## TO DO
Copy the complete listing word for word, but do not carry over any images.

──────── GIVEN MATERIAL ────────

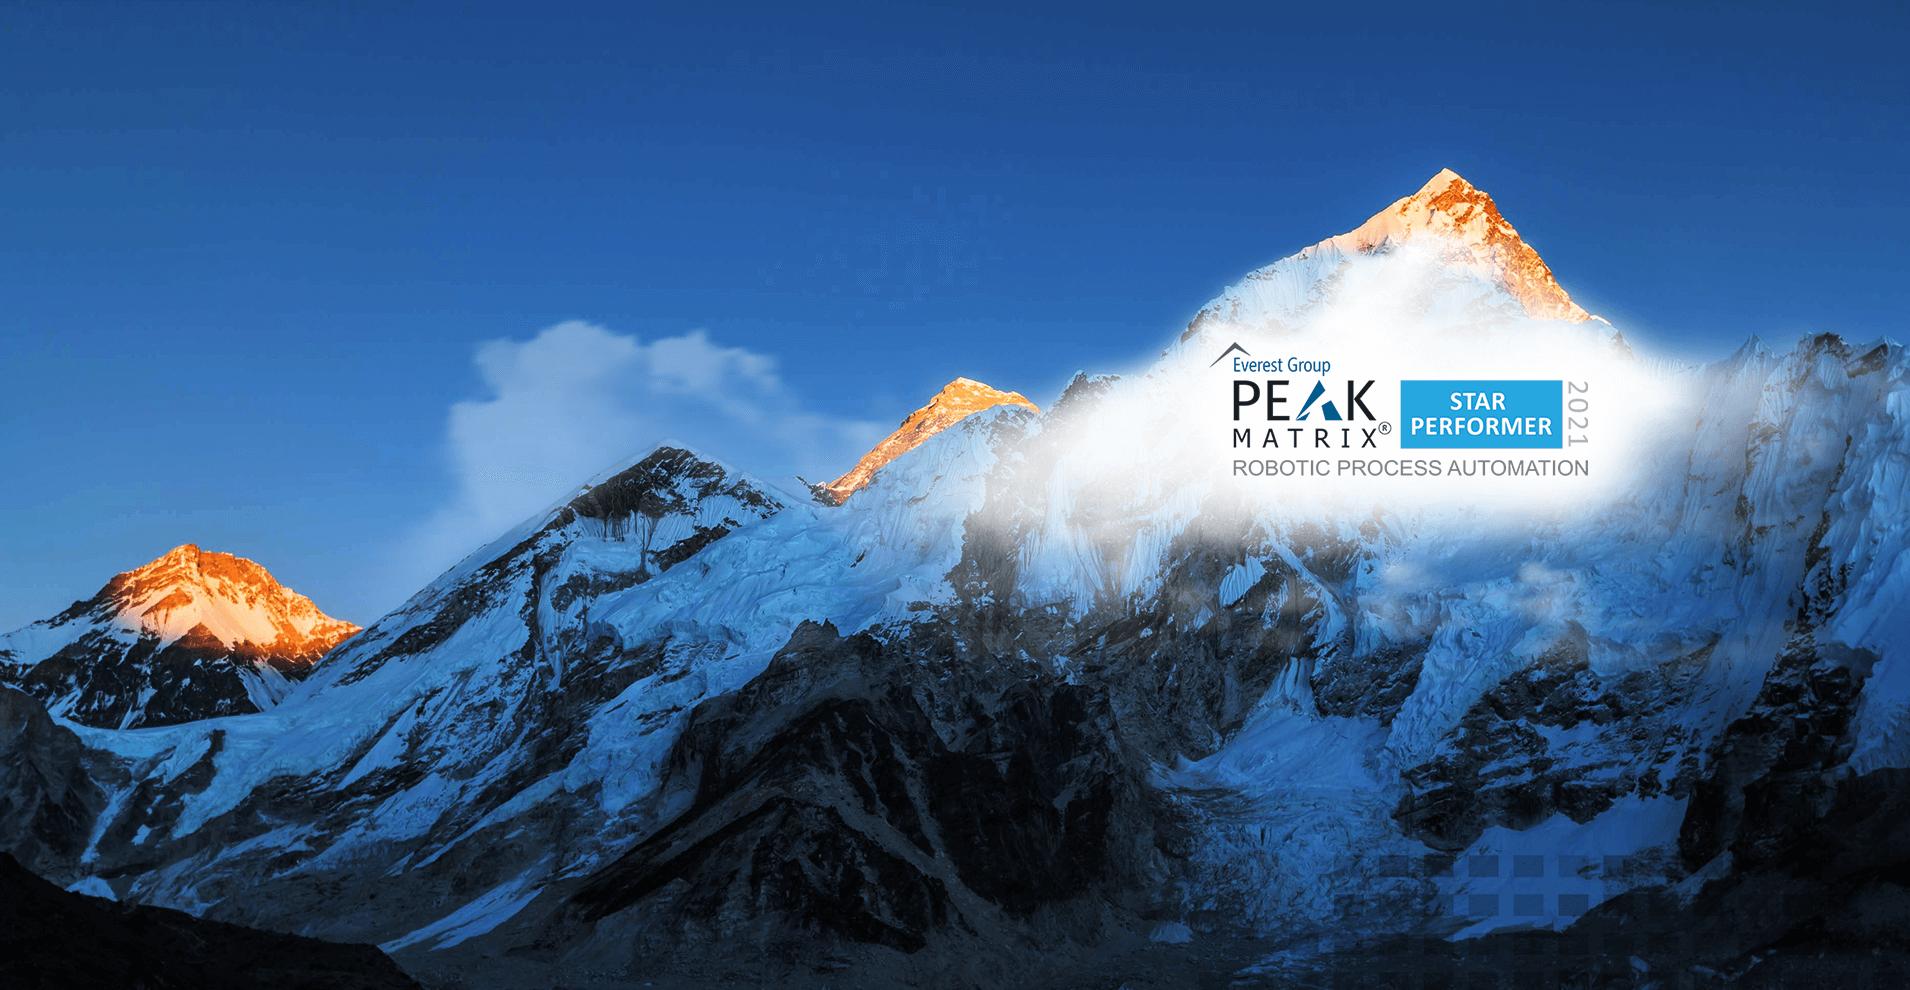 web-banner-Everest-PEAK-Matrix-Report-on-Robotic-Process-Automation-(RPA)
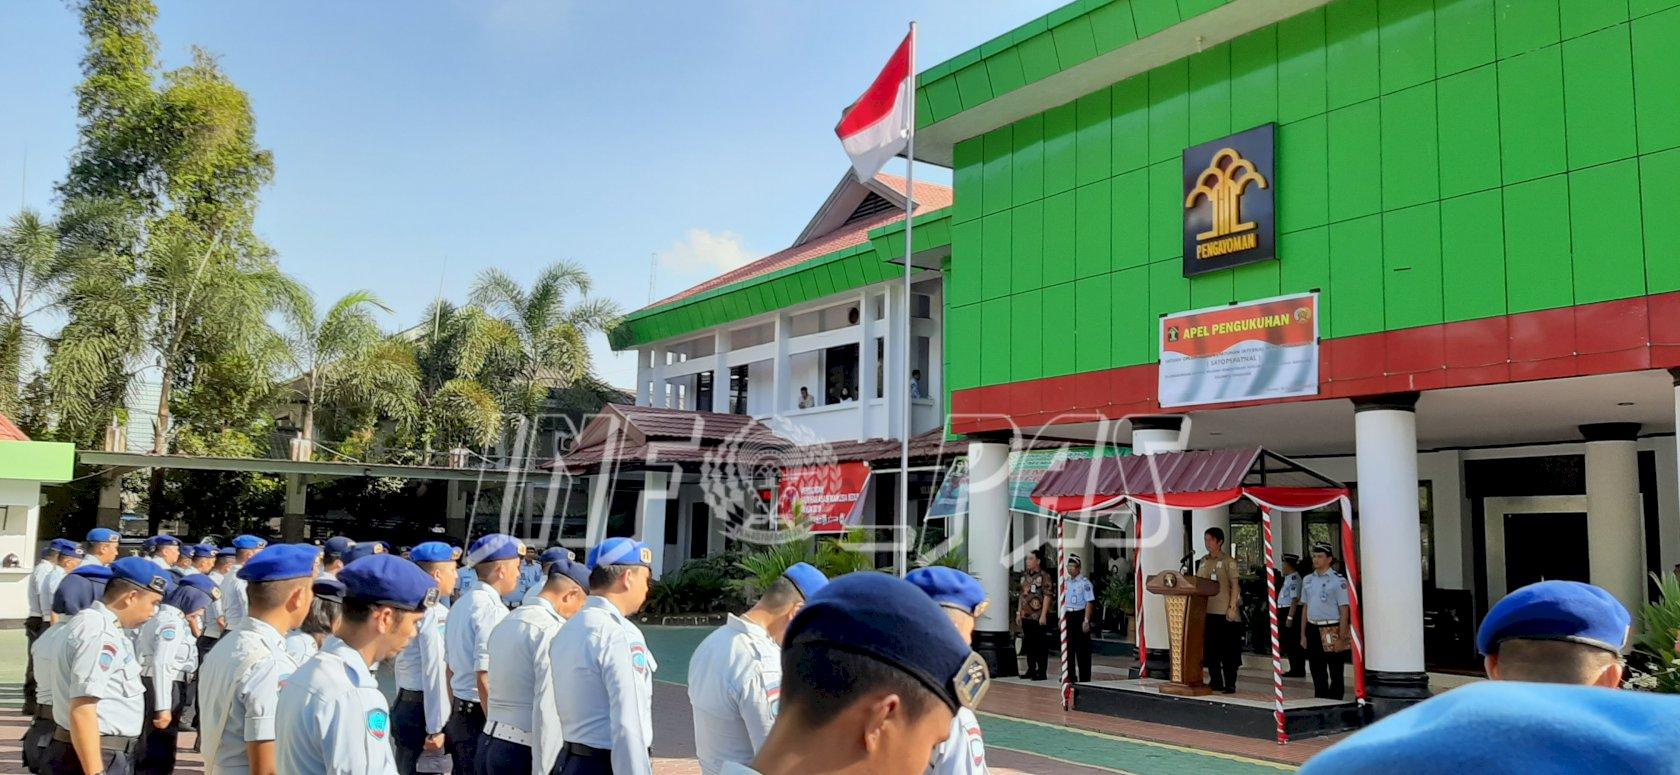 Satopspatnal KemenkumHAM Sulawesi Tenggara Telah Dikukuhkan
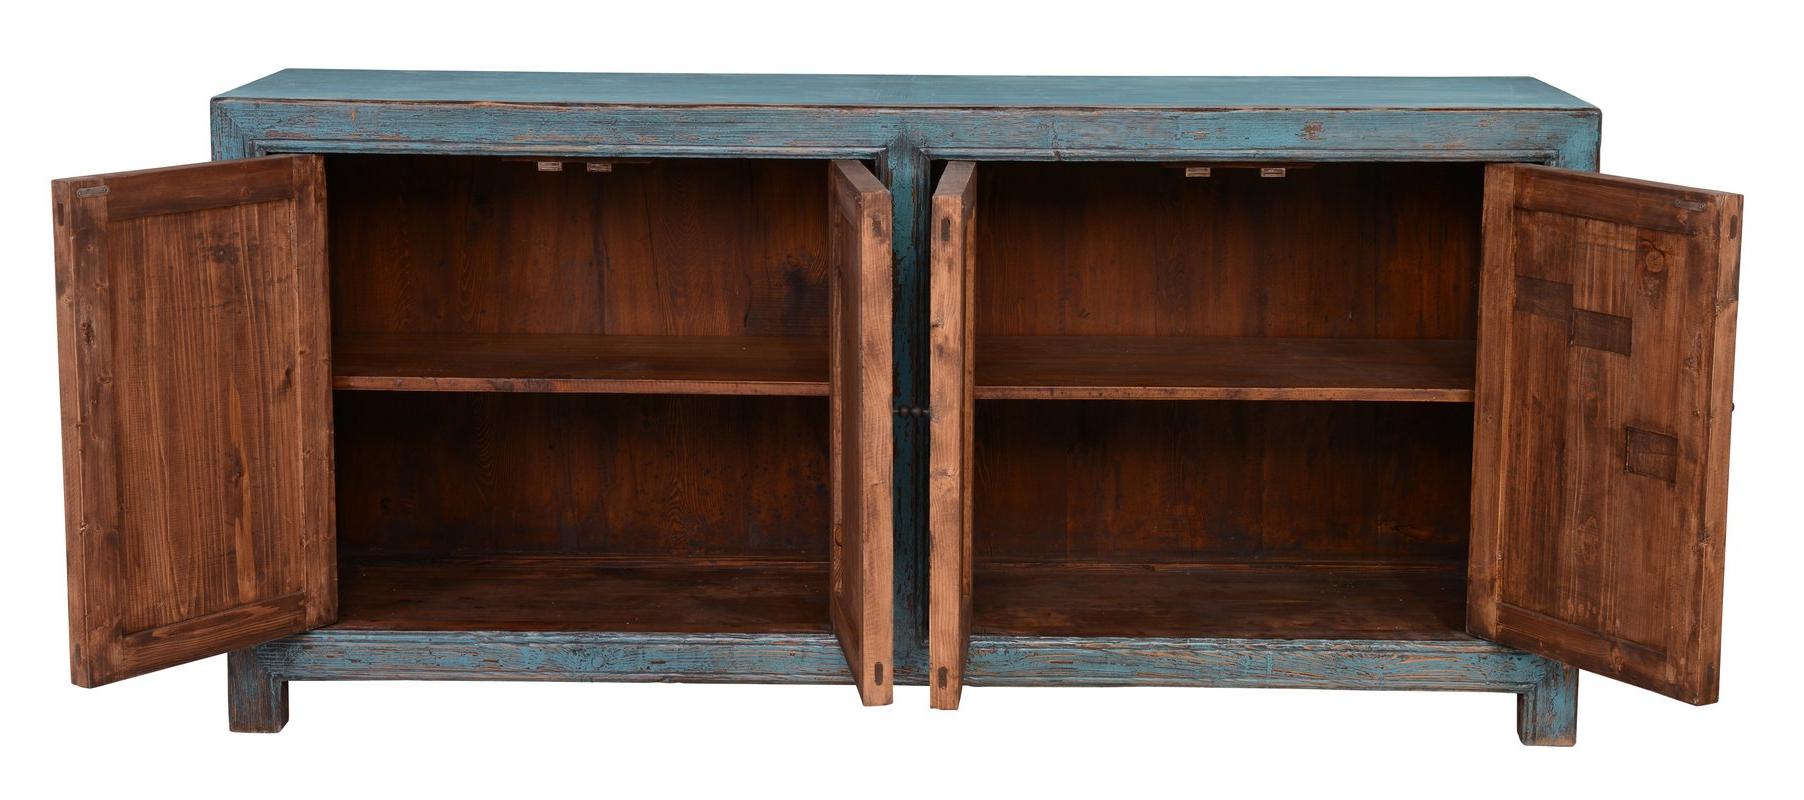 Latest August Grove Mahoning Reclaimed Pine 4 Door Sideboard & Reviews With Regard To Reclaimed Pine Turquoise 4 Door Sideboards (Gallery 5 of 20)

────────

## RESULT OF THE EXERCISE
 web-banner-Everest-PEAK-Matrix-Report-on-Robotic-Process-Automation-(RPA)
 Satopspatnal KemenkumHAM Sulawesi Tenggara Telah Dikukuhkan
 Latest August Grove Mahoning Reclaimed Pine 4 Door Sideboard & Reviews With Regard To Reclaimed Pine Turquoise 4 Door Sideboards (Gallery 5 of 20)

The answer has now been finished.